### [PROBLEM DESCRIPTION]
After finding the line that holds "Diseño gráfico y" below, set down that line and the rest through the final one exactly, leaving the pictures out.

### [DATA PROVIDED]
——

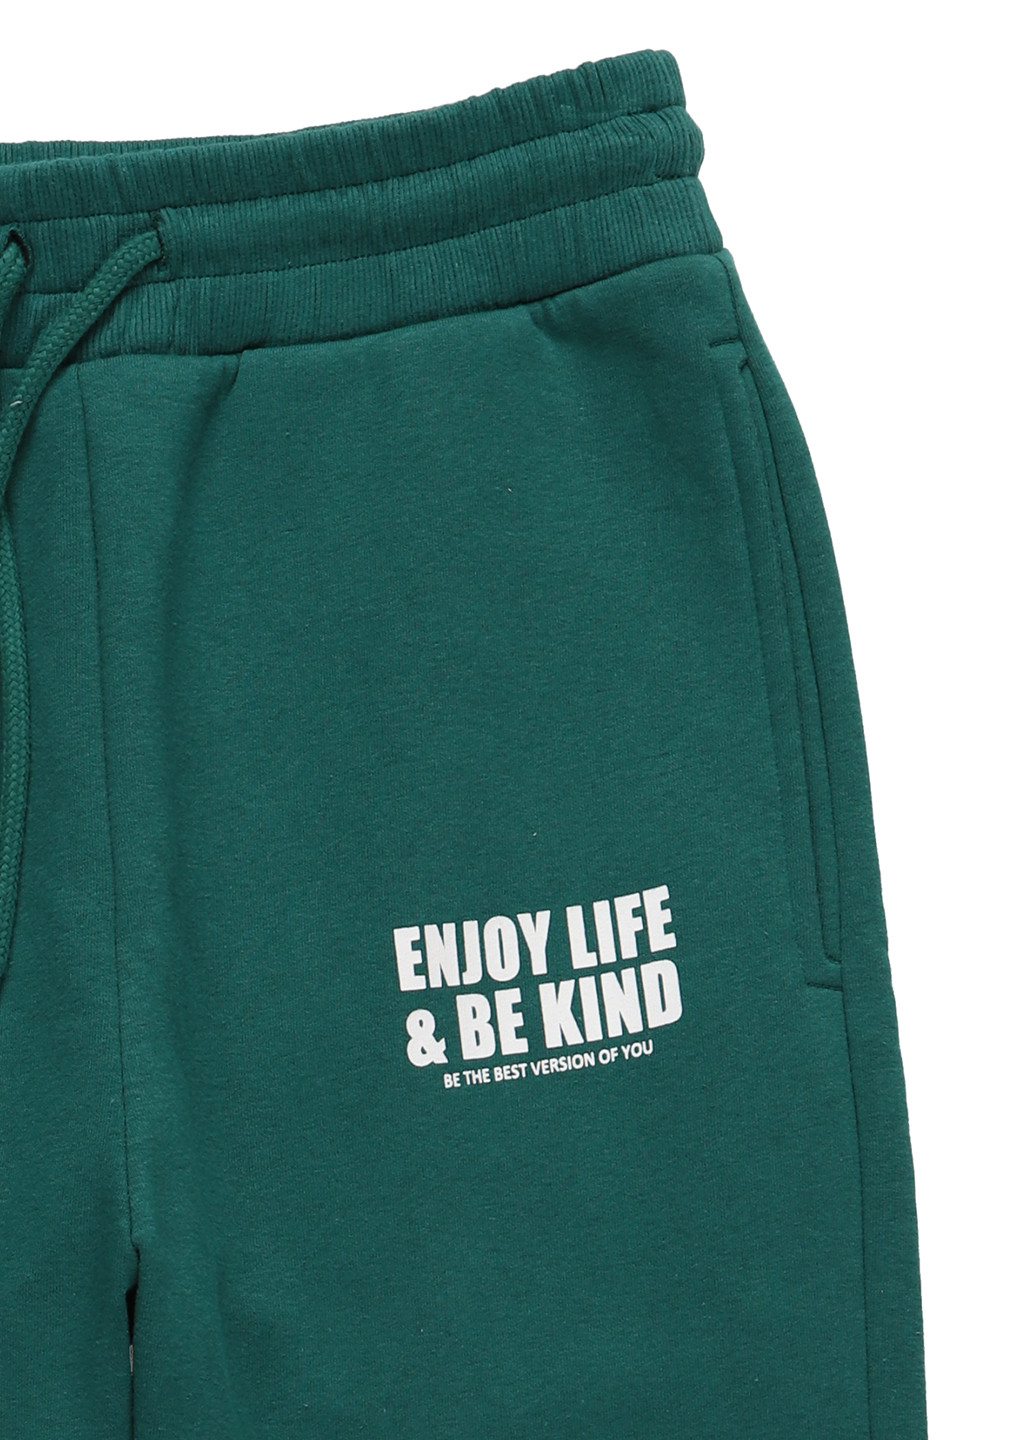 Зеленые спортивные демисезонные джоггеры брюки C&A
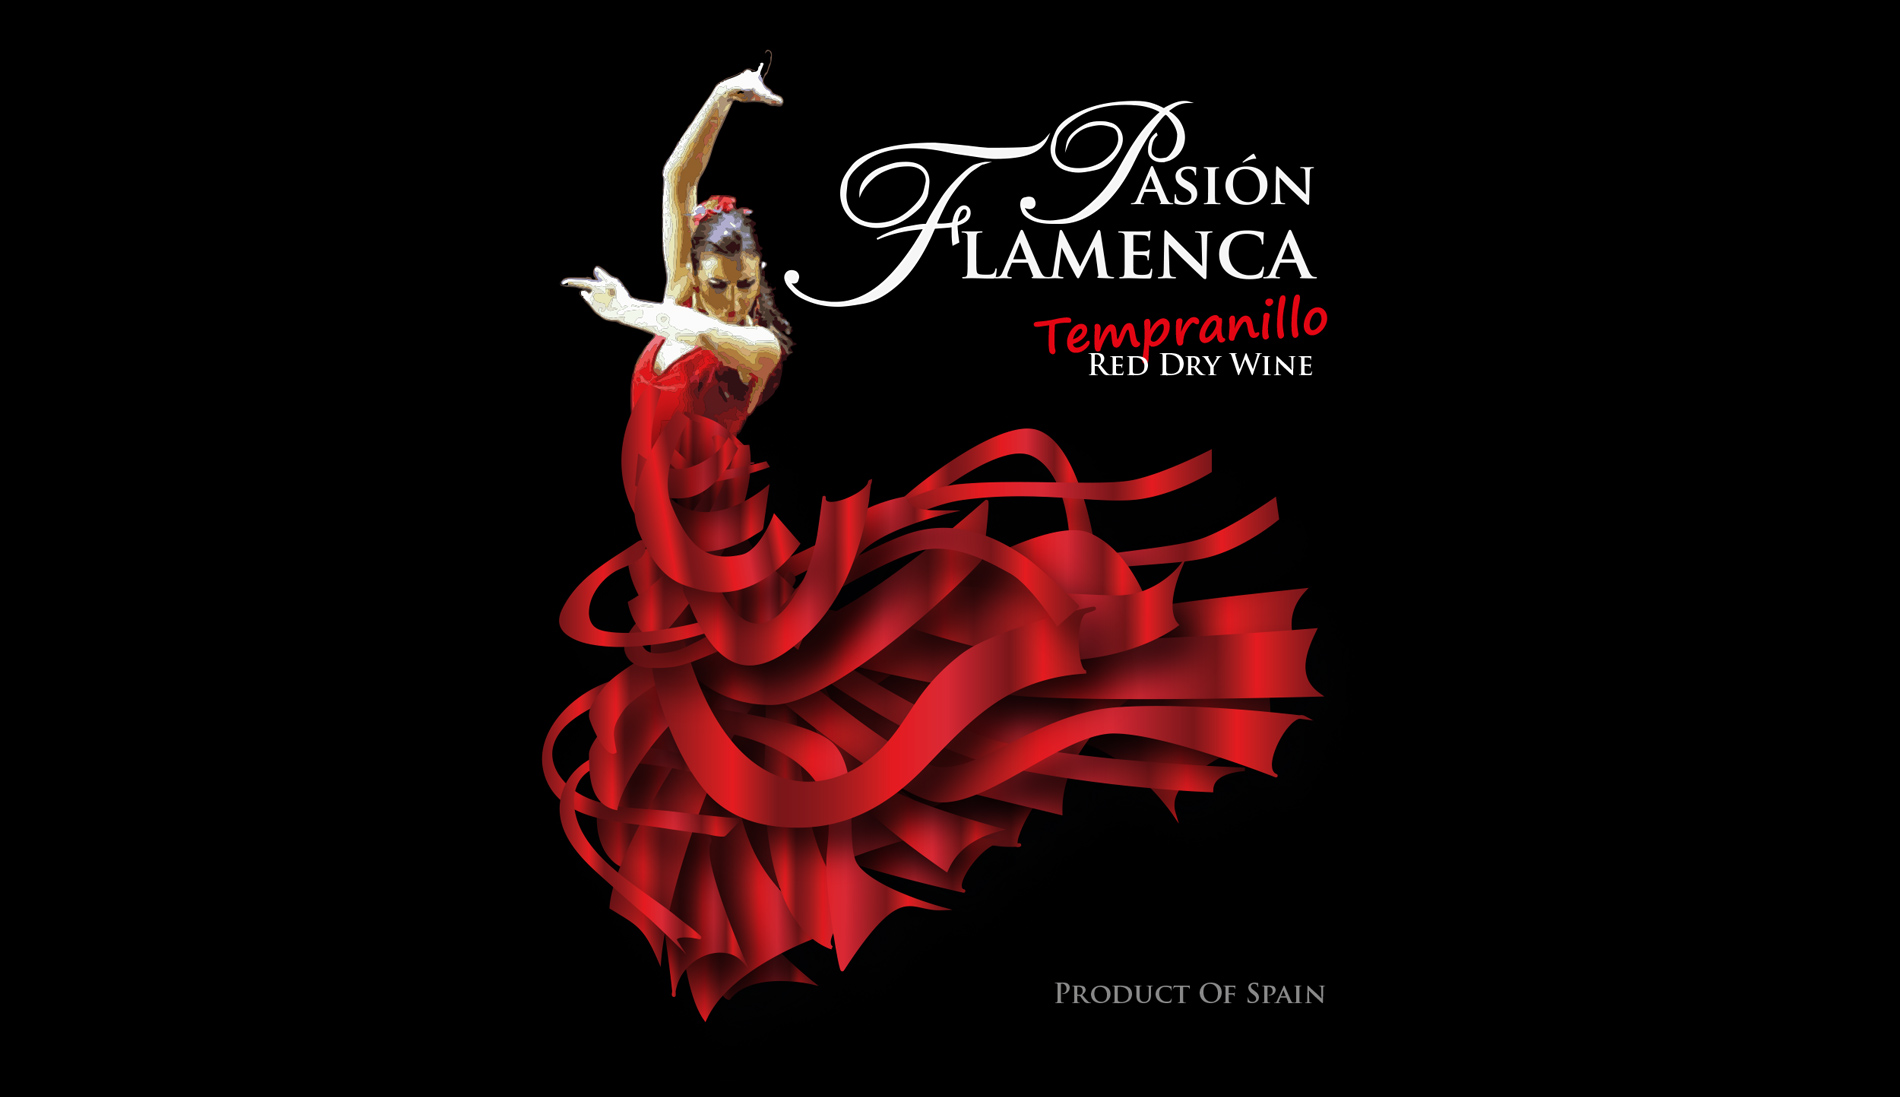 Diseño gráfico y creativo de etiquetas y packaging de vino para PASIÓN FLAMENCA
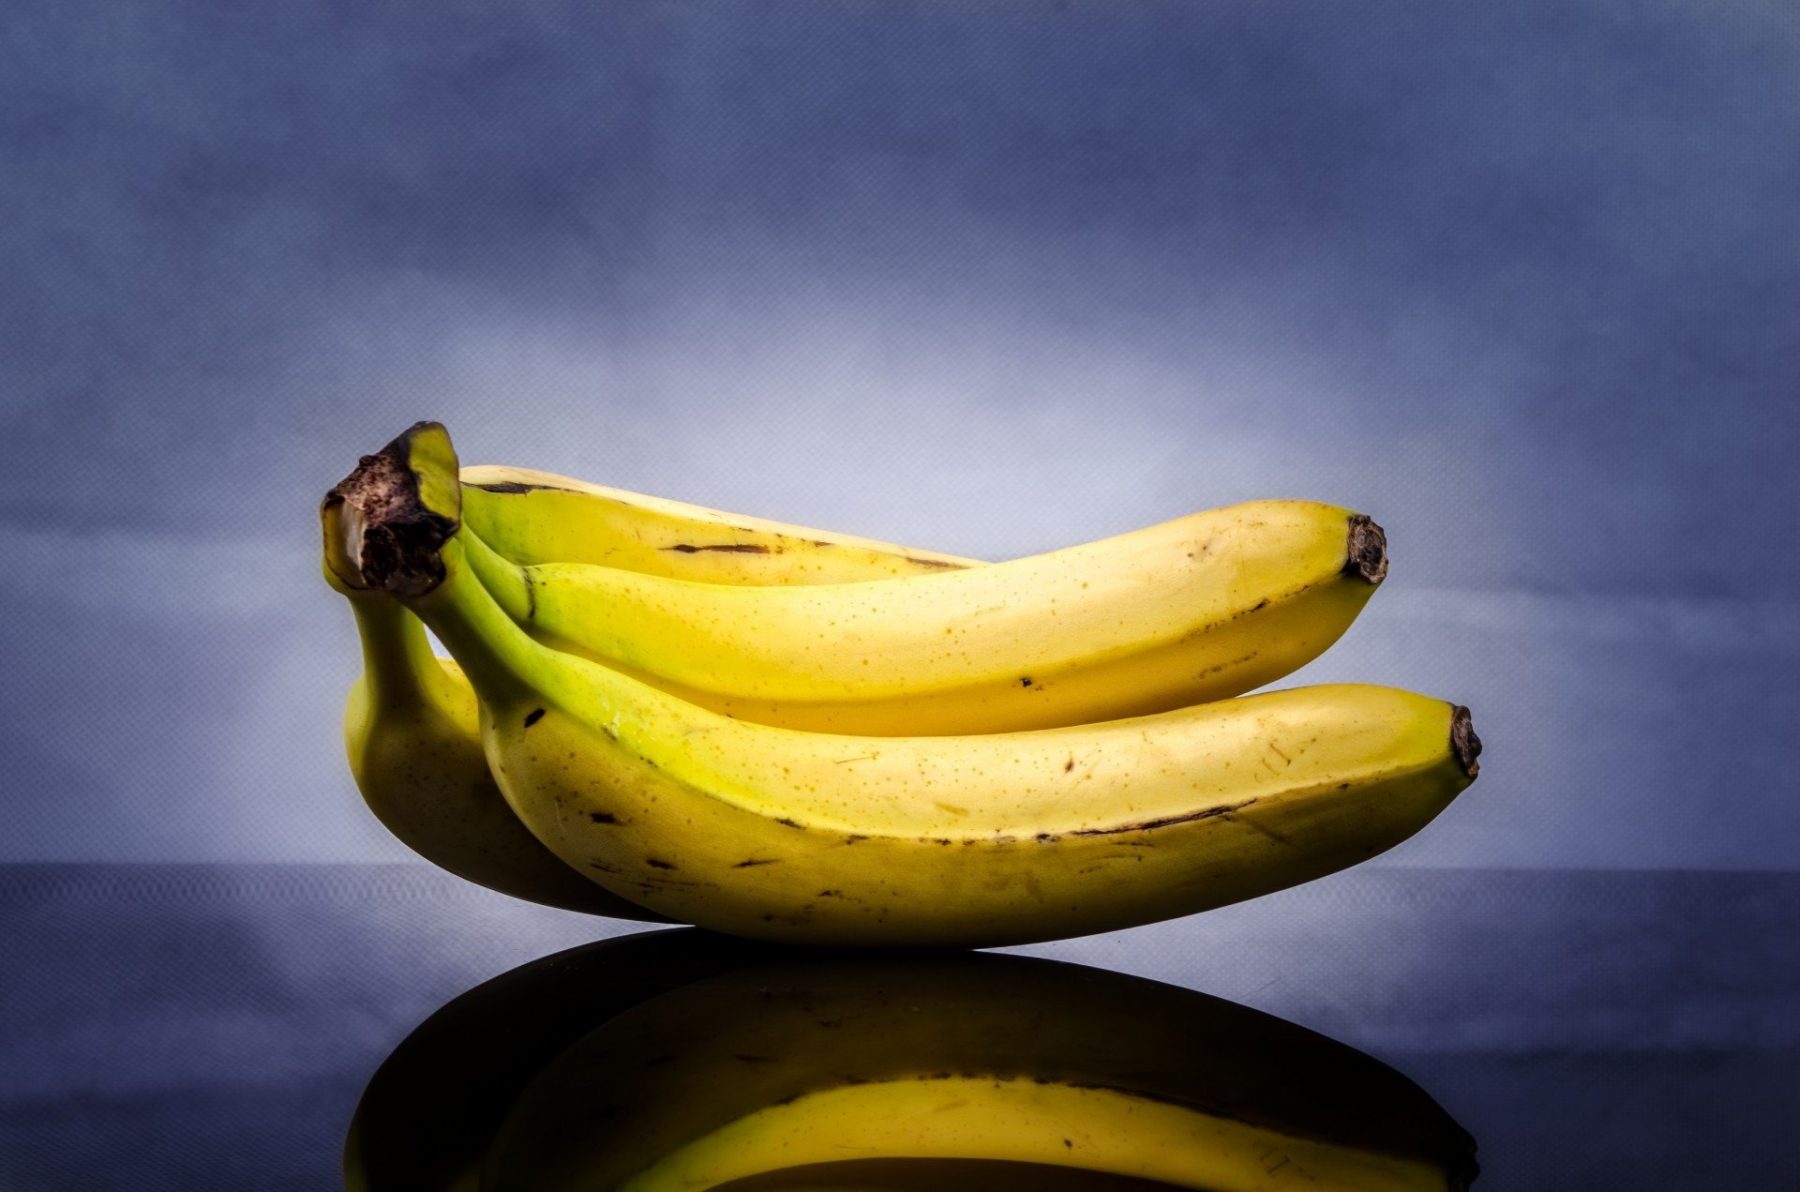 Μπανάνα ύπνος: Πώς μια μπανάνα πριν τον ύπνο μπορεί να σας βοηθήσει να κοιμηθείτε καλύτερα;

——

### [ANSWER SPACE]
 Diseño gráfico y creativo de etiquetas y packaging de vino para PASIÓN FLAMENCA
 Μπανάνα ύπνος: Πώς μια μπανάνα πριν τον ύπνο μπορεί να σας βοηθήσει να κοιμηθείτε καλύτερα;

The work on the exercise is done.